Charles Binet-Sanglé (4 July 1868 – 14 November 1941) was a French military doctor and psychologist, who notably was the first to broadly and thoroughly question the mental health of Jesus, which he did in his four-volume work La Folie de Jésus. It sparked controversy and particularly affected conservative Christians. Albert Schweitzer, among others, referred to this work in his medical dissertation Die psychiatrische Beurteilung Jesu: Darstellung und Kritik (The Psychiatric Study of Jesus: Exposition and Criticism, 1913). Schweitzer writes in his booklet Out of My Life and Thoughts, referring to Charles Binet-Sanglé and other authors dealing with the mental health of Jesus:

Now I had to complete a year of practical work as an intern in the hospitals and to write my thesis for the doctorate. As my subject I chose a critical review of all that had been published about the mental illness from which Jesus was supposed to have suffered.

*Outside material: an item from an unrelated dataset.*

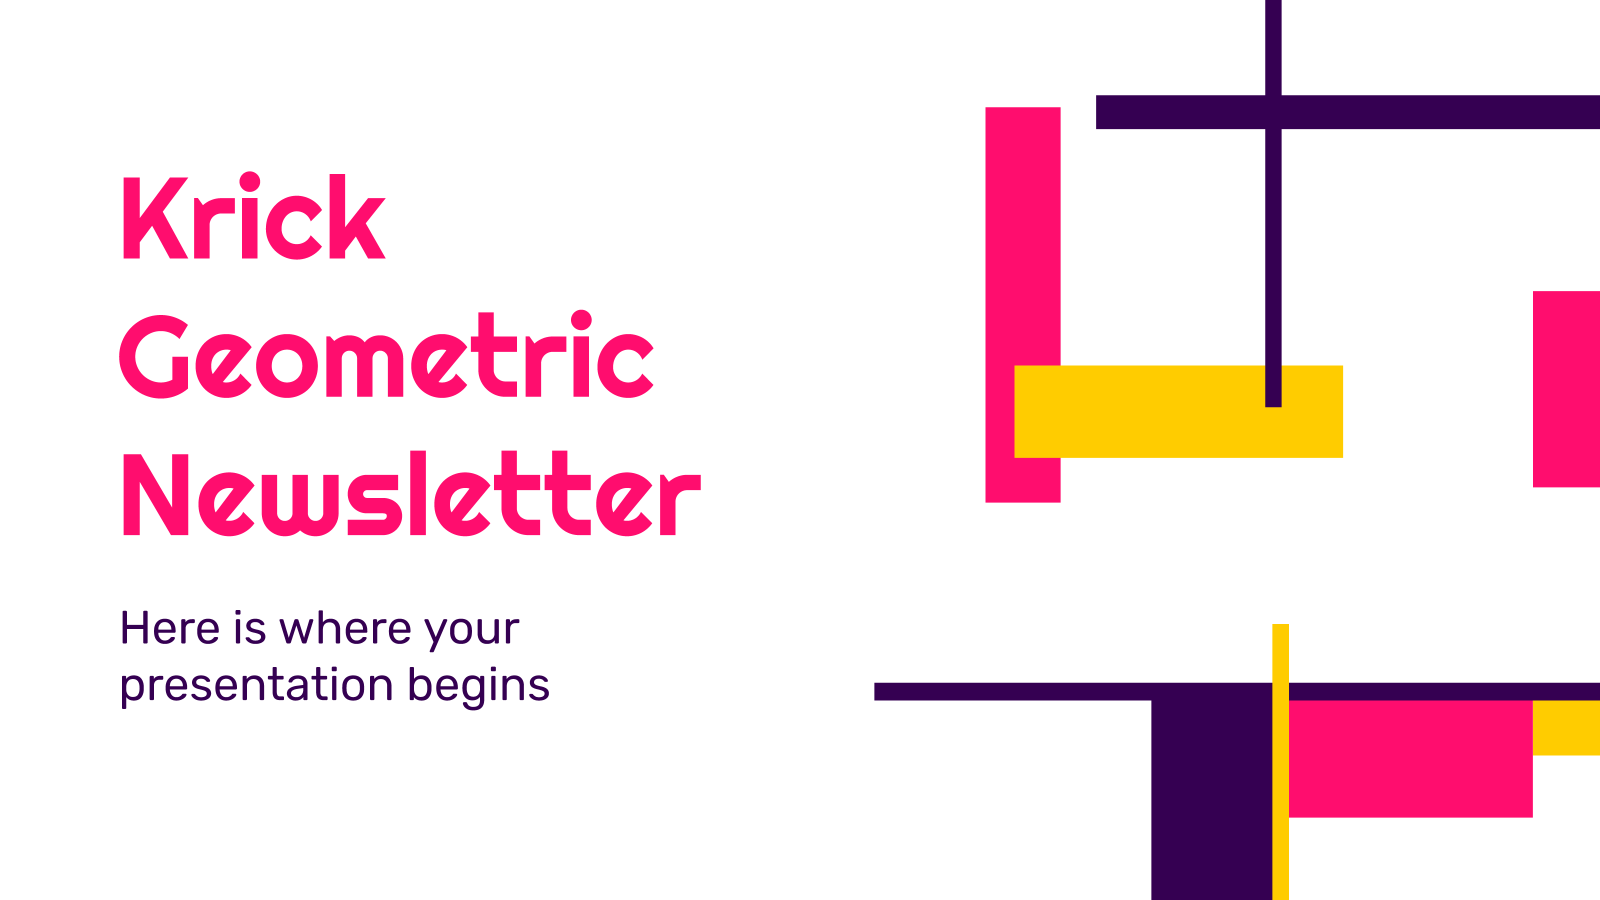 Modelo de apresentação Newsletter geométrico Krick

In the main I was concerned with the works of De Loosten, William Hirsch, and Binet-Sangle. In my studies on the life of Jesus I had documented that he lived in the world of contemporary Judaic thought, which seems fantastic to us now, with the expectation of the end of the world and the appearance of a supernatural Messianic Kingdom. I was immediately reproached for making Him a visionary, or even a person under the sway of delusions. Now my task was to decide whether, from a medical standpoint, this peculiar Messianic consciousness of His was in any way bound up with some psychic disturbance.
— (p. 107)

His other most influential work, Le Haras Humain (The Human Stud-Farm), suggested that euthanasia was necessary in some cases, and that a eugenic institute must be founded to encourage education of the improvement for the human race. The book was heavily censored in France.

He was decorated Knight of the Legion of Honour in 1912 and promoted Officer of the same order in 1922.